Before going into the details of layering, let’s first understand why there is a need for restricting
layers of the company which is as follows:
1. To reduce the illicit fund flows.
2. To curb diversion of funds.
3. To keep a check on the multiple layers of subsidiaries.
4. To stop companies to reduce shell companies for diversion of funds.
5. To prevent the company from money laundering, the illegal way of obtaining money.
6. To enable the authorities to identify the beneficiaries of corporate structures.
Restrictions on Layering under the Companies (Restriction on Number of Layers) Rules, 2017
Now, let’s take a look at the provisions of these rules.
1. A company shall not have more than two layers of subsidiaries.
2. A wholly owned subsidiary company would not be taken in account as a separate layer.
3. Following classes of companies are outside the scope of these rules:
4. A banking company;
5. A non-banking financial company;
6. An insurance company;
7. A government company.
8. A company acquiring a company incorporated outside India having more than two
layers of subsidiaries provided it is in accordance with law of that country.
9. A subsidiary company who is required to have an investment subsidiary under any law
or rules.
10. These rules are prospective in nature.
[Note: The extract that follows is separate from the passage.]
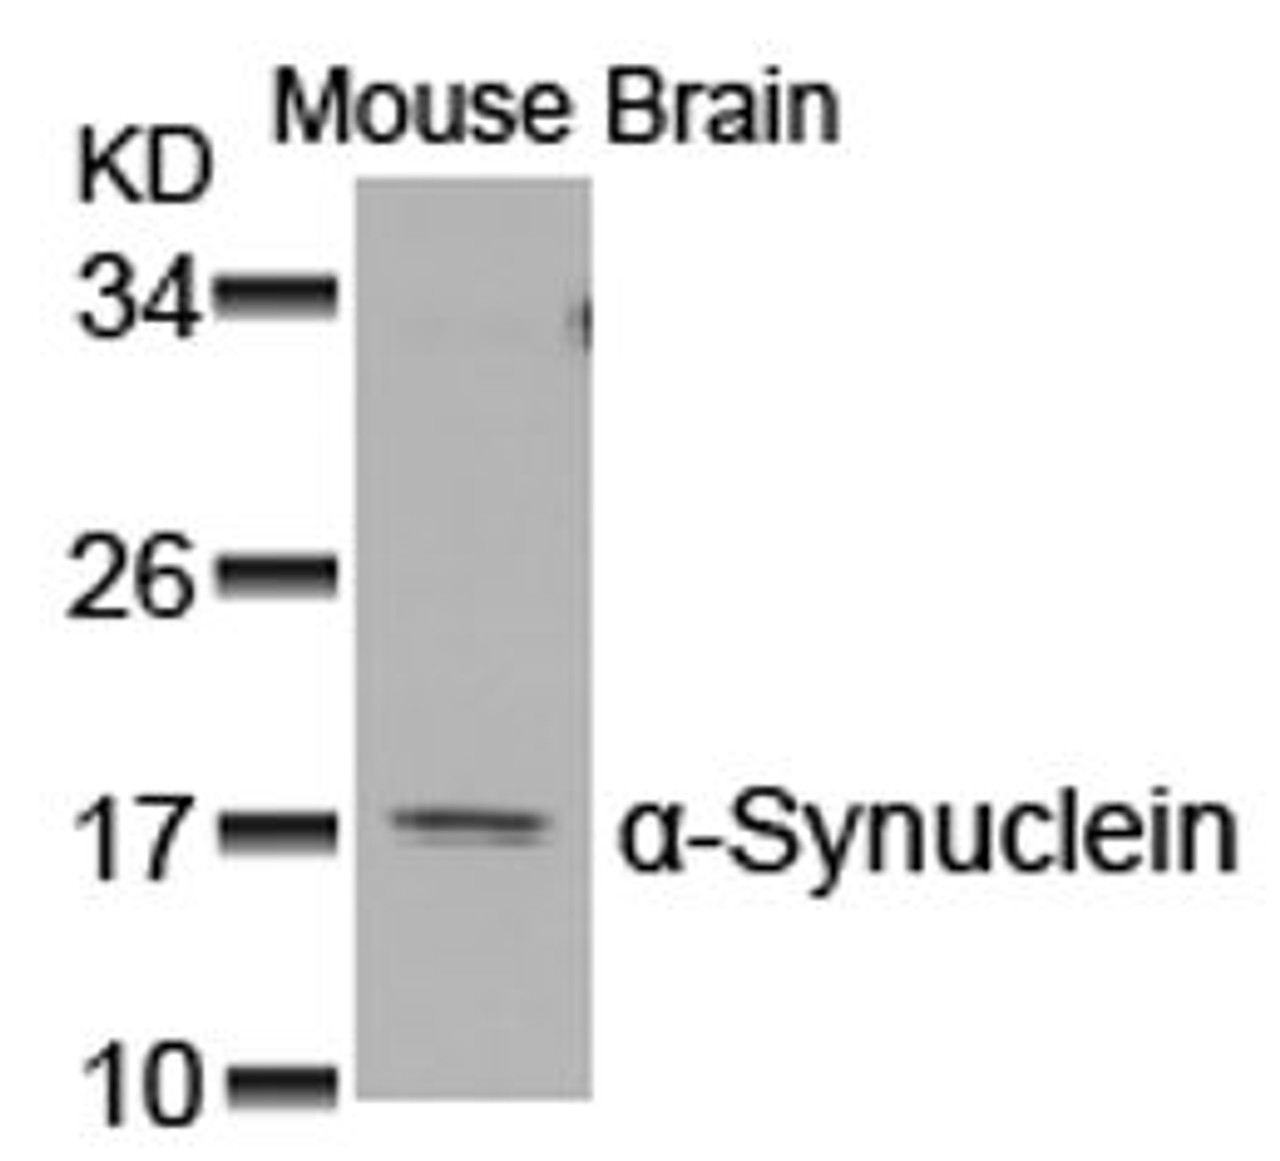 Western blot analysis of lysed extracts from Mouse Brain tissue using &#945;-Synuclein (Ab-129) .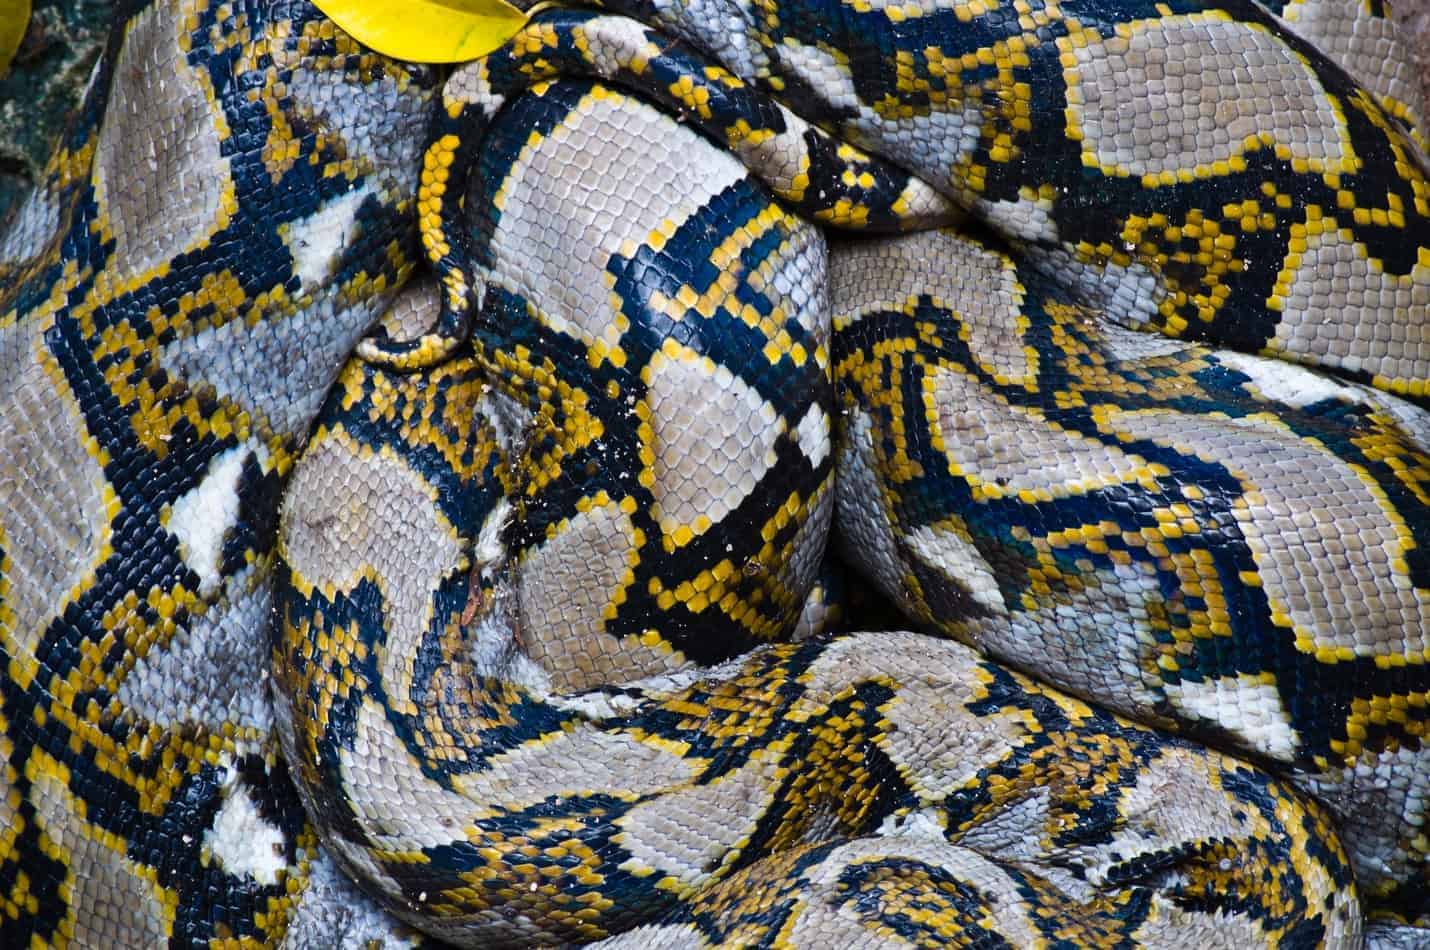 27 interesting facts about boa constrictors 4 27 Interesting Facts About Boa Constrictors (With Pictures)

Therefore, any company who had more than two
layers of subsidiaries on or before these rules came into force, they are required to
11. file a return in Form CRL-1 to Registrar within 150 days of publication of these rules.
12. shall not add more layers of subsidiaries.
13. If the layers are reduced after these rules came into force, shall not increase their number
of layers beyond two.
14. A maximum fine of Rs. 10,000 will be imposed on the companies and every officer of
the company which is in contravention of these rules. If the contravention is a
continuing one, then a maximum fine of Rs. 1,000 every day will be imposed.
Whether Body Corporate a ‘Holding Company’:
As regards a body corporate incorporated outside India was concerned, the Companies Act
1956 clearly provided that, a subsidiary or holding company of the body corporate under the
laws of such country shall be deemed to be a subsidiary or holding company of the body
corporate within the meaning and for the purposes of this Act also, whether the requirements
of section 4 of Companies Act, 1956 are fulfilled or not.
No such provision exists under the Companies Act 2013. This would mean that the question of
holding company or a subsidiary company of a body corporate incorporated outside India
would be strictly interpreted according to provision of S 2(87) of the Companies Act 2013.
CONCLUSION (Yet To Finish)
The Government should issue appropriate clarifications of the intent of the law or better still
carry out necessary amendments to the Companies Act 2013, to rectify/clarify the anomalies
and issues discussed above, absence of which could lead to needless litigation.